A telemedicine session with Dr. Ira Lott, Director of the UCI Down Syndrome Program and Professor Emeritus, UCI School of Medicine

People with Down syndrome represent a health disparity for clinical trials.  Many individuals live far from resources like our program at the UCI Medical Center and have typically been excluded as subjects for ongoing investigations.  To begin remedying this disparity, we have been pioneering the use of telemedicine to reach individuals who live remotely from our medical facilities. Telemedicine is simply defined as the use of health care technology to render medical care when distance separates the doctor and the patient.  In our program, the physician sees the patient in real time on a wide-screen TV and the patient sees the doctor in the same manner.  We have carried out nearly 1,500 consultations in neuro-telemedicine and are convinced of both the reliability of and consumer satisfaction with this technology.
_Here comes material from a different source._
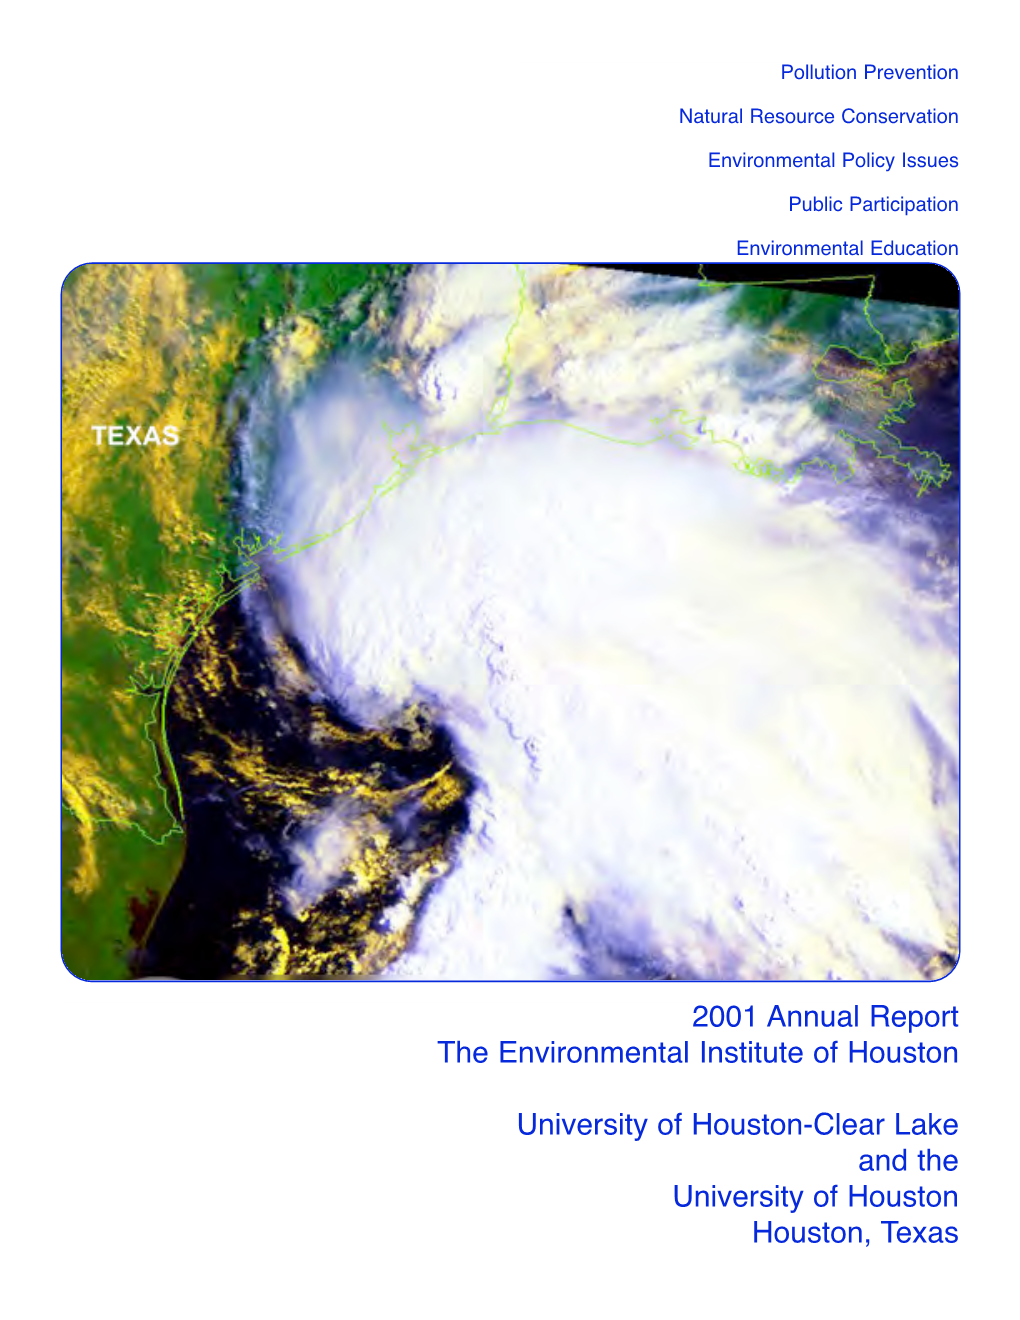 2001 Annual Report of the Environmental Institute of Houston

Home monitoring of individuals with dementia is the next frontier for telemedicine and UCI is hard at work in developing technologies that will work efficiently for doctor and patient.
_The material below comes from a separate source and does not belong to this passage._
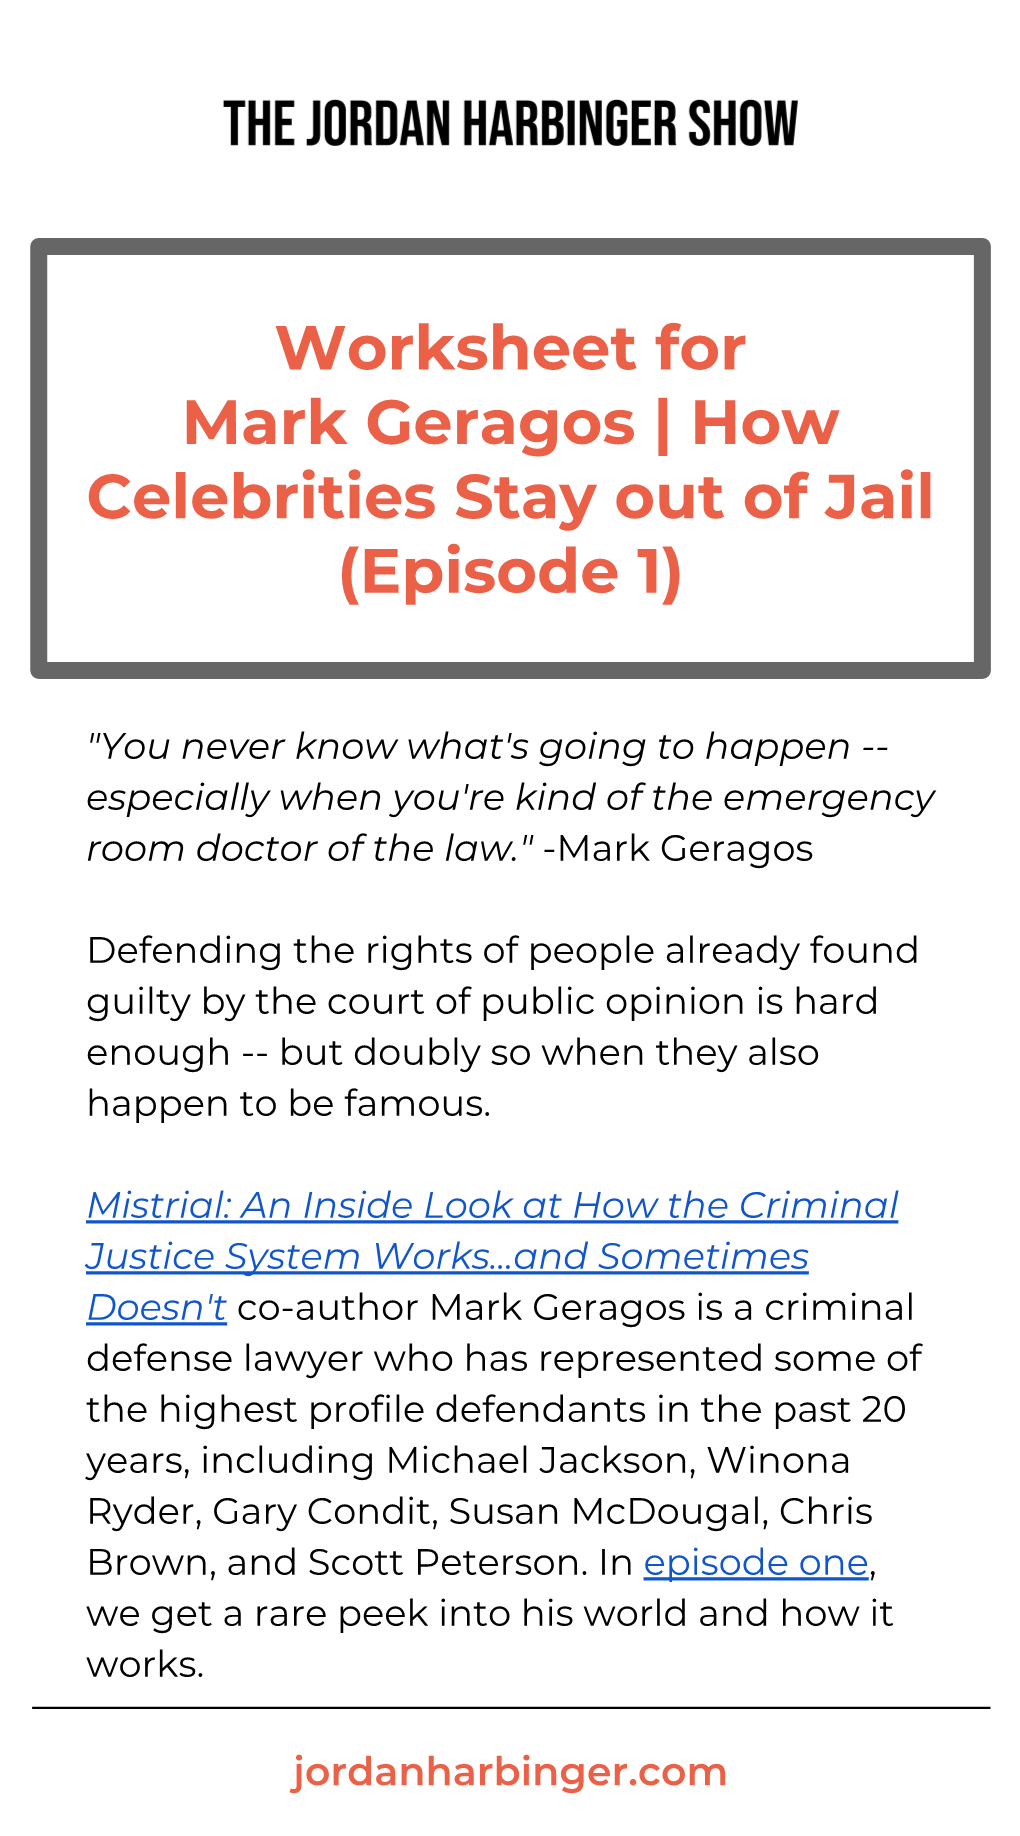 Worksheet for Mark Geragos | How Celebrities Stay out of Jail (Episode 1)

Notably, there are some ways in which individuals with Down syndrome display healthy aging that may be informative to geriatricians and Alzheimer’s disease researchers.  There seems to be a paucity of atherosclerotic complications in adults with Down syndrome as they age. In our database of several hundred adults, we have found no major complications from heart attacks, hypertension, or stroke. This experience is mirrored in other clinics for Down syndrome across the country.  Also, adults with Down syndrome have a decreased frequency of certain types of solid tumors. These characteristics of people with Down syndrome may shed light on fundamental processes related to development and aging.  By helping individuals with Down syndrome, we not only ensure that they have the highest possible quality of life but also help ourselves to age successfully.

We wish to acknowledge the National Institutes of Health and the State of California for supporting our research and the Down Syndrome Association of Orange County for their generous funding of our pediatric clinic.